When former Goldman Sachs co-chair John Whitehead passed away earlier this month, he left a huge legacy at the company.
But one of his lesser-known contributions was the set of rules he wrote for his fledgling “new business,” or sales, department, back in the 1950s, shortly after he’d made partner.
Whitehead, who is also known for writing the 12 (now 14) business principles that you can find on the company’s website, spearheaded Goldman Sachs sales department, known now as Investment Banking Services. By planting sales teams around the country and the world, he ultimately helped take Goldman from a little-known regional bank to the global leader it is today.
He also ran training sessions on “How to get an appointment with the CEO,” “How to treat the CEO’s secretary,” and “What to talk about when you do get an appointment.” And as his new sales team started to take shape, Whitehead drafted the following guidelines in a memo to the team:
- Don’t waste your time going after business we don’t really want.

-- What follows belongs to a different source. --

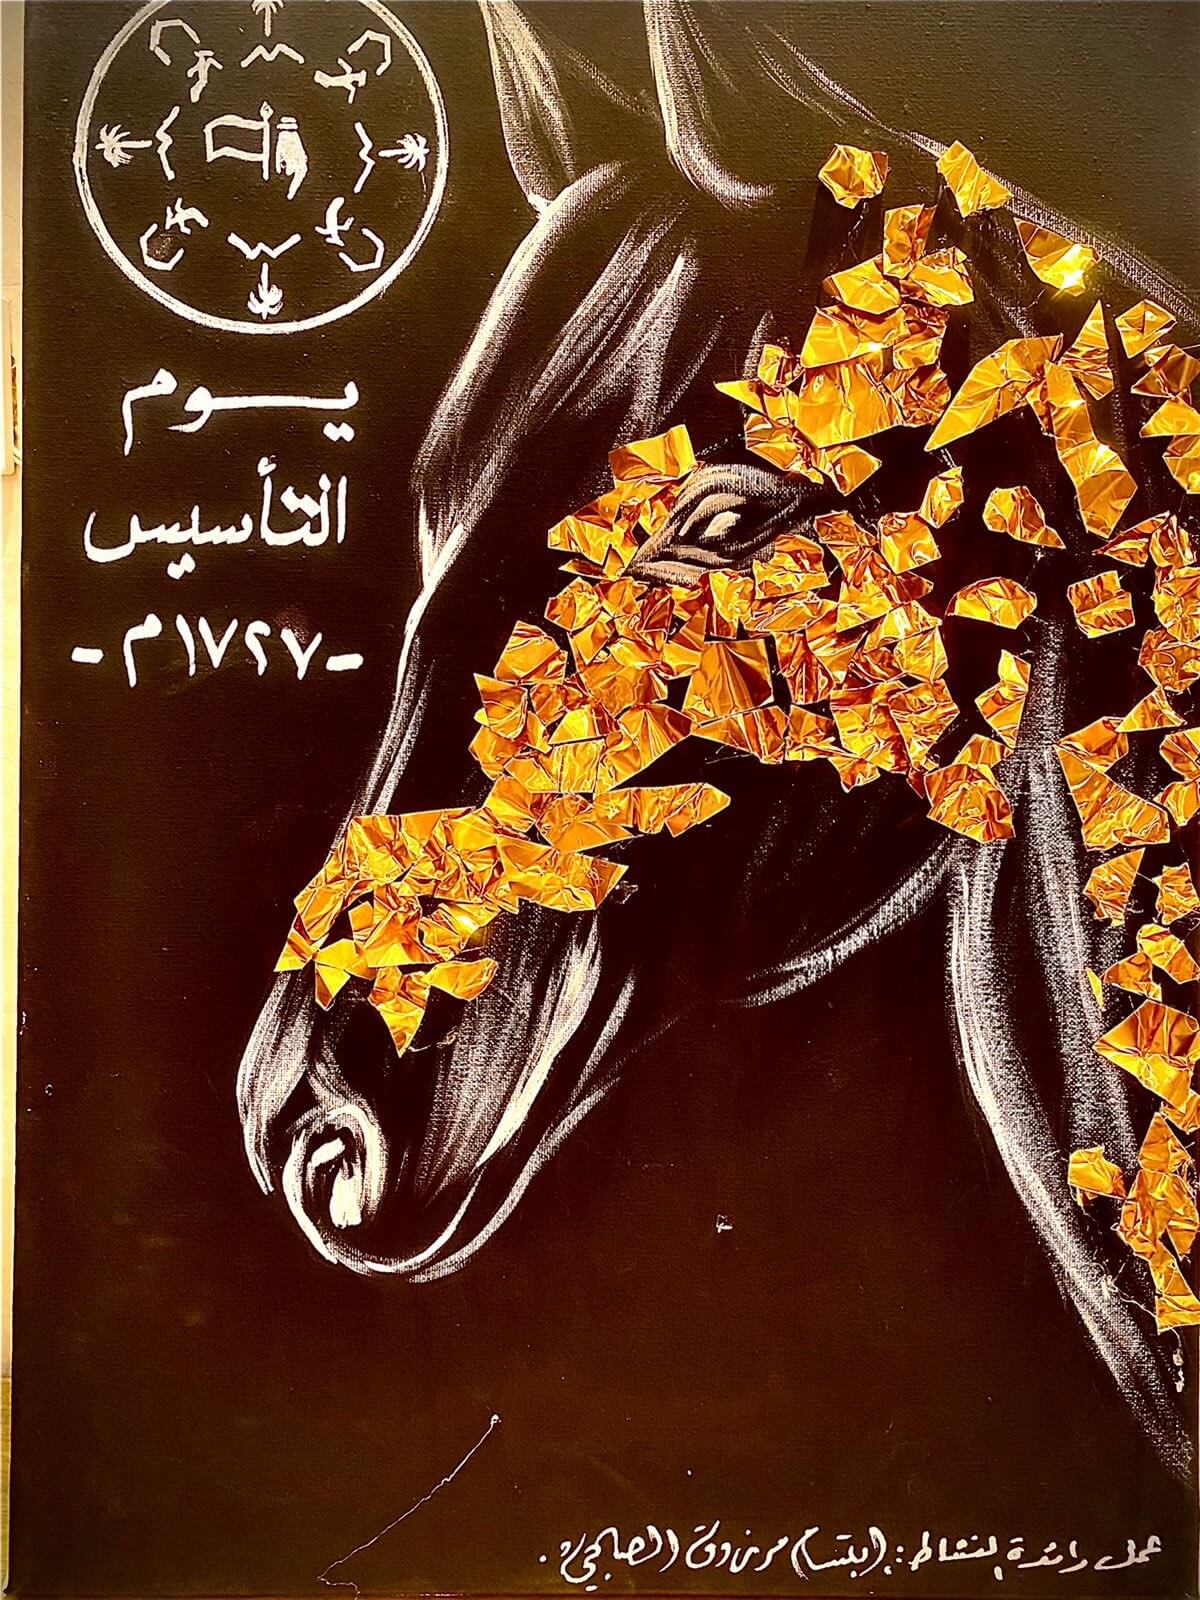 رسمه يوم التأسيس السعودي رائعة فيها حصان اصيل سعودي

- The boss usually decides — not the assistant treasurer. Do you know him?
- It’s just as easy to get a first-rate piece of business as a second-rate one.
- You can never learn anything when you’re talking.
- The respect of one man is worth more than acquaintance with 100.
- When there’s business to be done, get it!
- Important people like to deal with other important people. Are you one?
- There’s nothing worse than an unhappy client.
- If you get the business, it’s up to you to see that it’s well handled.
(Though the memo has been referred to as his “Ten Commandments,” Whitehead’s autobiography, “A Life in Leadership,” only lays out these nine.)
“At that point, few people outside of New York had ever even heard of us,” Whitehead wrote in his autobiography. But with a clear mandate, the sales team soon took off.
“I believe the most important thing I did was to set down in writing what Goldman Sachs stood for,” he wrote.
In 2005, when his autobiography was published, Whitehead said the memo still hung on the office wall of one of Goldman’s “all-time best” salesmen.